There has never been a more compelling case for recognizing that every Canadian, present and future, has the right to live in a healthy environment. Clean air, safe drinking water, nutritious food, non-toxic products and flourishing biodiversity are essential to our health and well-being.
Yet according to the Canadian Medical Association and World Health Organization, exposure to environmental hazards is causing tens of thousands of premature deaths, millions of preventable illnesses and billions of dollars in unnecessary health-care costs in Canada every year.
These daunting statistics actually camouflage the fact that behind these numbers are people we know and love — family, friends and colleagues harmed by cancer, asthma, heart disease and other painful afflictions. The good news is that almost all of this pain and suffering could be prevented.

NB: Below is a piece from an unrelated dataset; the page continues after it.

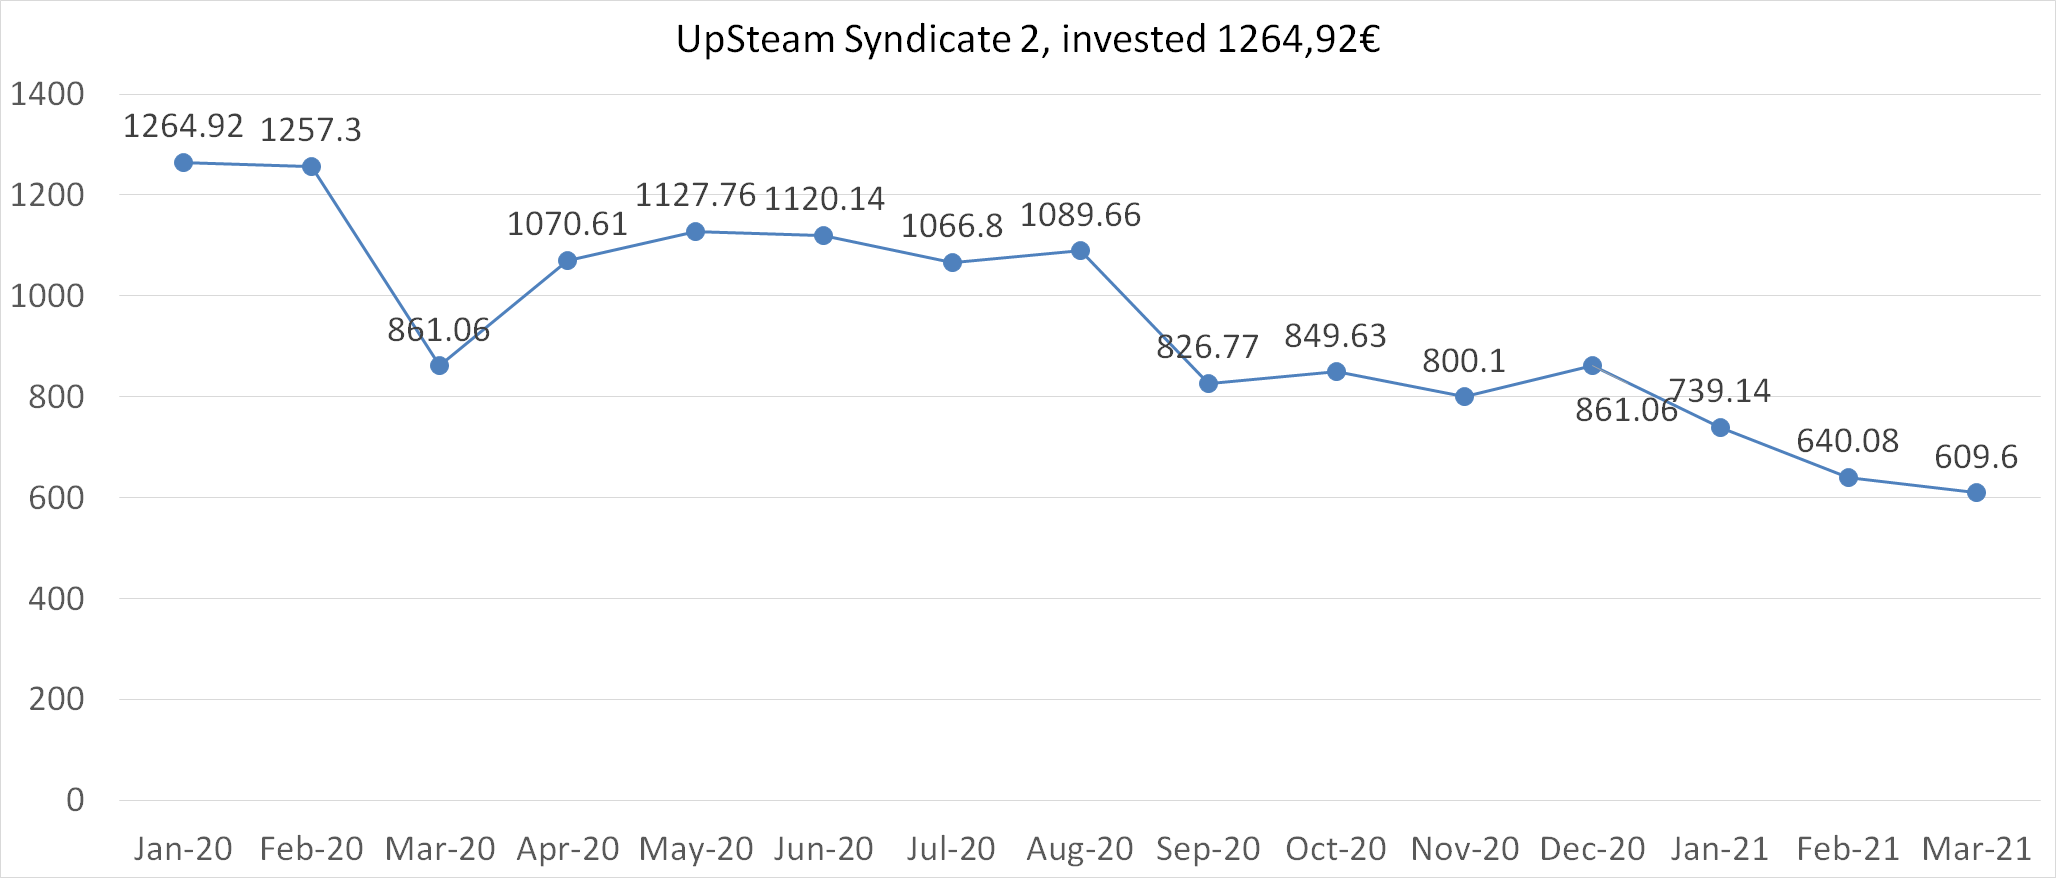 UpSteam syndicate 2 worth March 2021

As it stands, Canada has some of the weakest environmental laws in the wealthy industrialized world. We have no legally binding national standards for air quality or mandatory drinking water quality guidelines, and we continue to allow roughly 1,000 pesticide products for sale that are not allowed in Europe because of health and environmental concerns.
The one advantage of being a laggard is that you can learn from the leaders. The right to a healthy environment enjoys constitutional protection in more than 110 countries — well over half the world’s countries. Their experiences show that recognizing this right has powerful potential, spurring stronger environmental laws, better enforcement of those laws, and greater public participation in environmental decision-making.
The economic counter-arguments ring hollow. Norway offers a dazzling rebuttal of the claim that recognizing the right to a healthy environment would cost jobs and damage Canada’s economy. Norway’s constitution recognizes the right to a healthy environment. Norway is a major oil and gas exporter but has much stronger environmental laws than Canada and takes a much bigger share of resource revenues for the public.
According to the Conference Board of Canada, Norway outperforms Canada environmentally, economically, socially and on health care. While Norway isn’t perfect, surely its successes are worth emulating. Canadians should not tolerate being treated as second-class citizens.
Canada is a big, beautiful country full of people who cherish it immensely. Our governments and businesses are letting us down by failing to protect the people and places we love. It’s time to recognize our right to live in a healthy environment so that Canada can stop being a laggard and become a genuine green leader!